Elastic hadron-nucleus scattering in neutrino-nucleus reactions and transverse kinematics measurements

Rescattering following a neutrino-nucleus reaction changes the number, energy, and direction of detectable hadrons. In turn, this affects the selection and kinematic distributions of subsamples of neutrino events used for interaction or oscillation analysis. This technical note focuses on three forms of two-body rescattering. Elastic hadron+nucleus scattering primarily changes the direction of the hadron with very little energy transfer. Secondly, a hadron+nucleon quasi-elastic process leads to the knockout of a single struck nucleon, possibly with charge exchange between the two hadrons. Also, a pion can be absorbed leading to the ejection of two nucleons. There was an error in the code of the {\small GENIE} neutrino event generator that affects these processes. We present examples of the change with the fixed version of the scattering process, but also compare these specifically to turning off elastic scattering completely, which is similar to other neutrino event generator configurations or a potential Equick-fix to already generated samples.
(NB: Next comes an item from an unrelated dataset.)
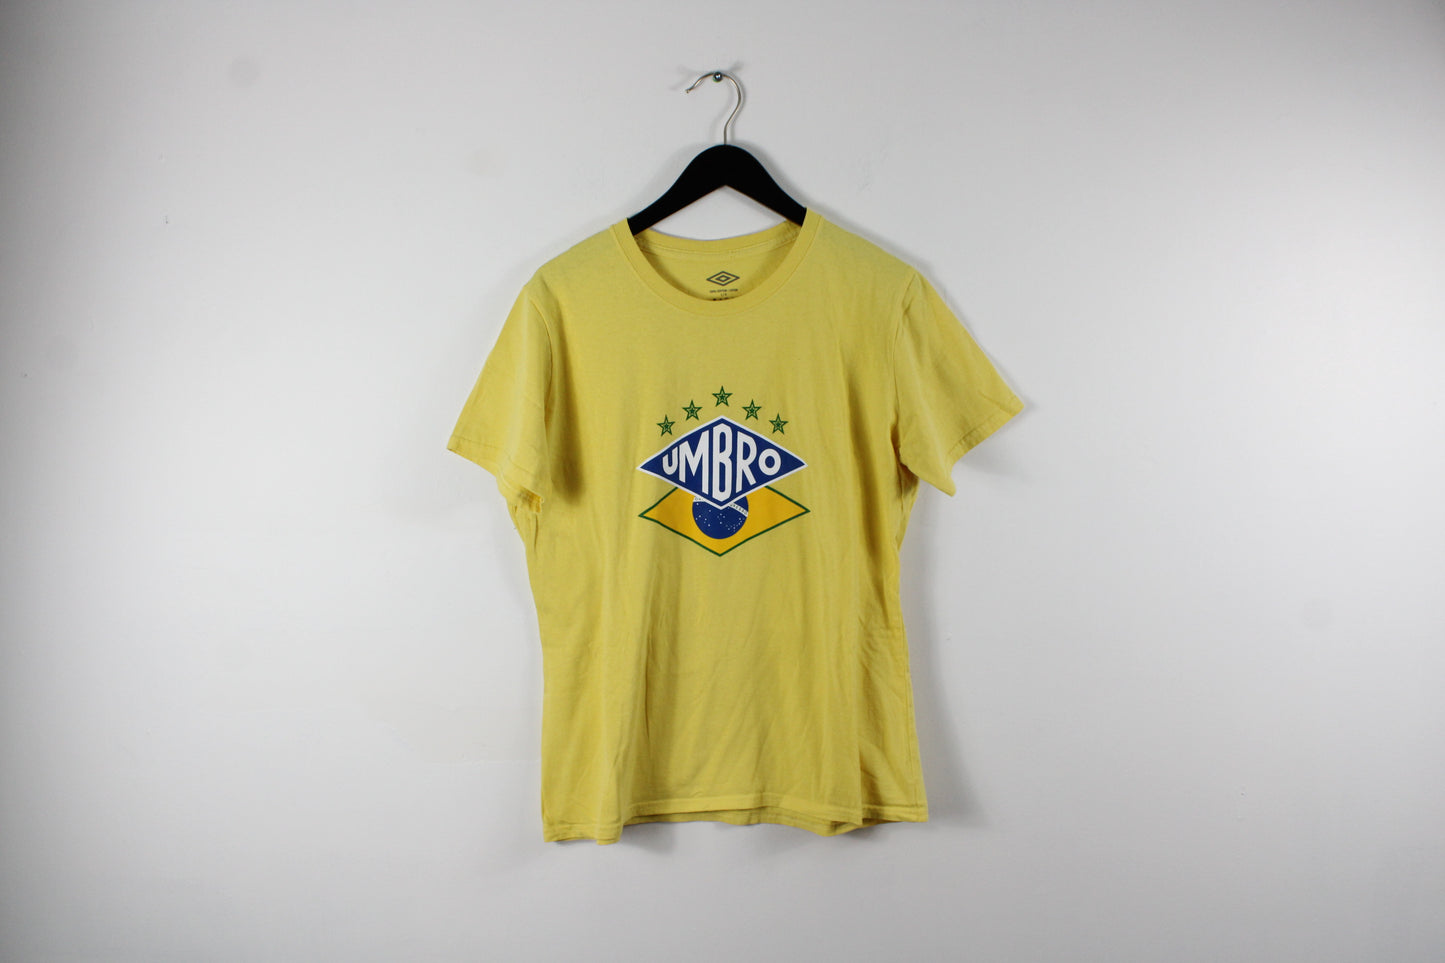 Brazil-Umbro T-Shirt / Vintage Logo Tee Shirt / Yellow & Blue / 90s Hip Hop Clothing / Streetwear

Three examples are taken from current topics of interest: transverse kinematics observables in quasielastic neutrino reactions, the pion angle with respect to the incoming and outgoing lepton for $\Delta$ reactions with a charged pion in the final state, and the angle between two protons in reactions with no pions present. Elastic hadron+nucleus scattering in its unfixed form makes a large distortion in distributions of transverse kinematic imbalances scattering, but only mild distortion in other observables. The distortion of the other two processes is also mild for all distributions considered. The correct form of hadron+nucleus scattering process could play a role in describing the width and center of the sharp peak in the inferred Fermi-motion of the struck nucleon or be benchmarked using (e,e'p) data.